The Dow Jones industrial index, which last week dropped below the psychologically-important 10,000 barrier, fell to its lowest point of the year, as retail, home building and other cyclical stocks took a pounding in expectation of a consumer-spending slump. It closed at 9,610.01, down 2.35 per cent.

The Standard and Poor index of the 500 most commonly traded shares fell almost to its three-year low. The index, against which money managers judge the performance of their own portfolios, broke through its 2-1/2-year closing low of 1,103.25 recorded in late March, closing at 1,085.88. The last time the S&P ended below 1,092.10 was on October 28th, 1998 when it fell to 1,068.10.

The Nasdaq also slid for most of the day but came off its lows on news from Dell Computer that its forecast for the fourth quarter was on track. It was down 17.49 points, or just 1.03 per cent, closing at 1,688.15.

"The market wants some sign we're coming out of an economic nuclear winter, but there's no sign of an improving economy. In fact, it seems to be getting worse," said Mr Larry Wachtel, a stock market analyst with Prudential Securities.

US investors returning from holidays had been hoping for a rally, but with a mix of gloomy indicators and renewed profit warnings through the summer months, the market has continued its late August slide.
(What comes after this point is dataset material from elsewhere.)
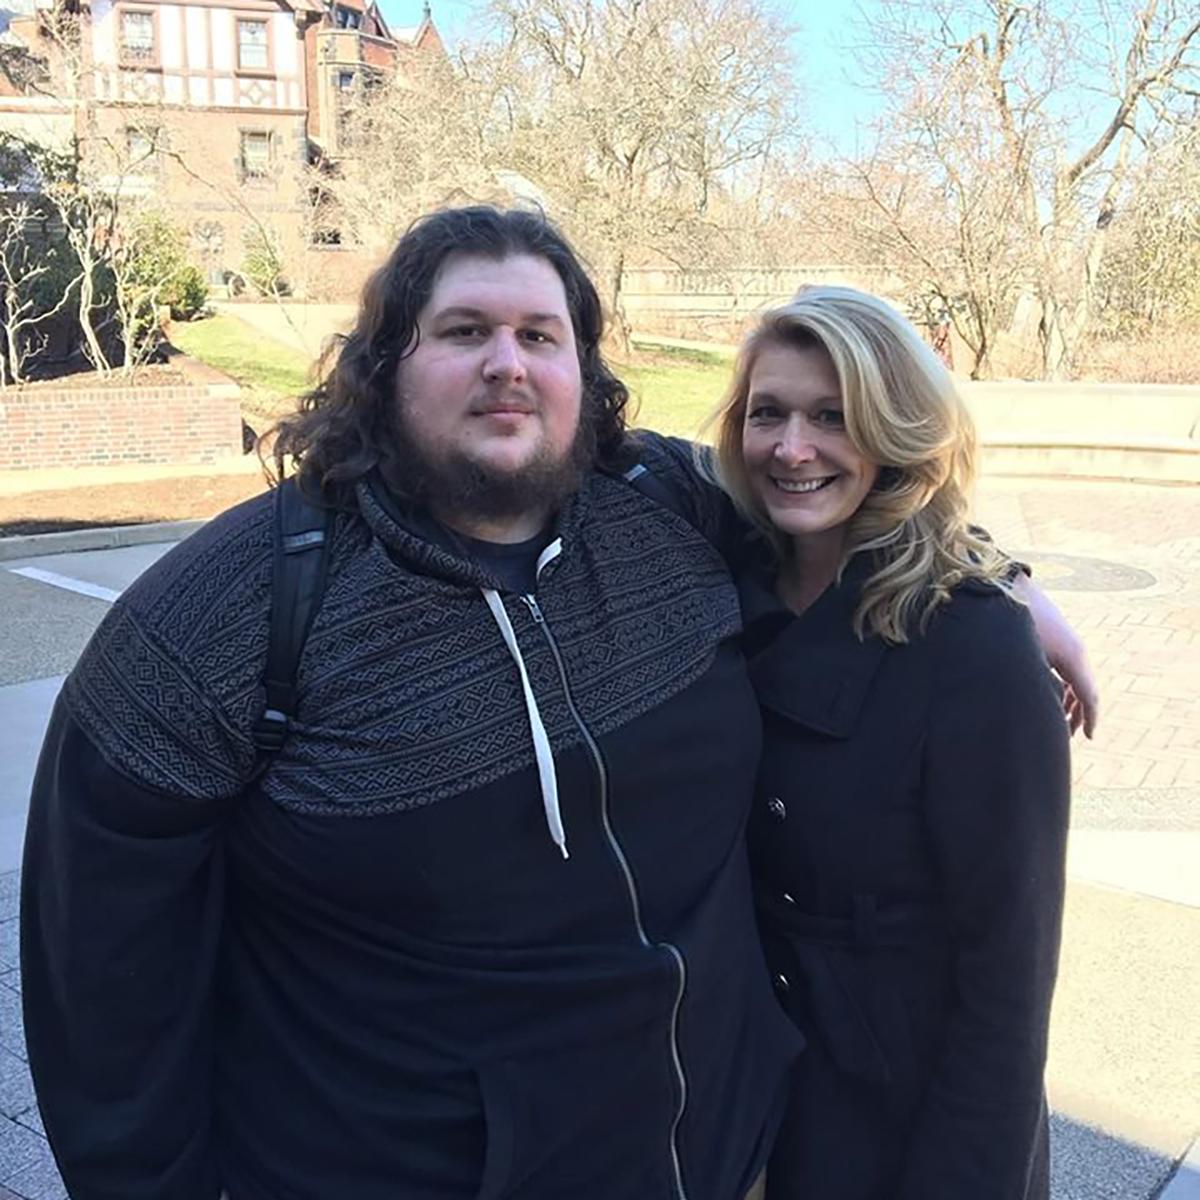 Photo of Christopher posing with a woman on Shadyside Campus

US consumer spending drives two-thirds of the world's biggest economy and the surge in unemployment is expected to lead to a significant downturn in retail sales. The unemployment rate had hovered around 4.5 per cent since April, but laid-off workers are not finding new jobs as quickly as before.

Manufacturing was once again hardest hit, and has now lost one million jobs since July last year. The August decline of 141,000 manufacturing jobs was the largest so far this year, with almost every major manufacturing industry losing jobs in August.

The service sector increased employment by 72,000 as health services continued to add jobs, but retail employment was down in August as restaurants and bars lost 30,000 jobs following a large increase in July. Hotel employment also continued to fall, with job losses since March now totalling 42,000.

The August jobless rate is still low by historical standards but is sharply up from the level of 3.9 per cent last year, the lowest in 30 years.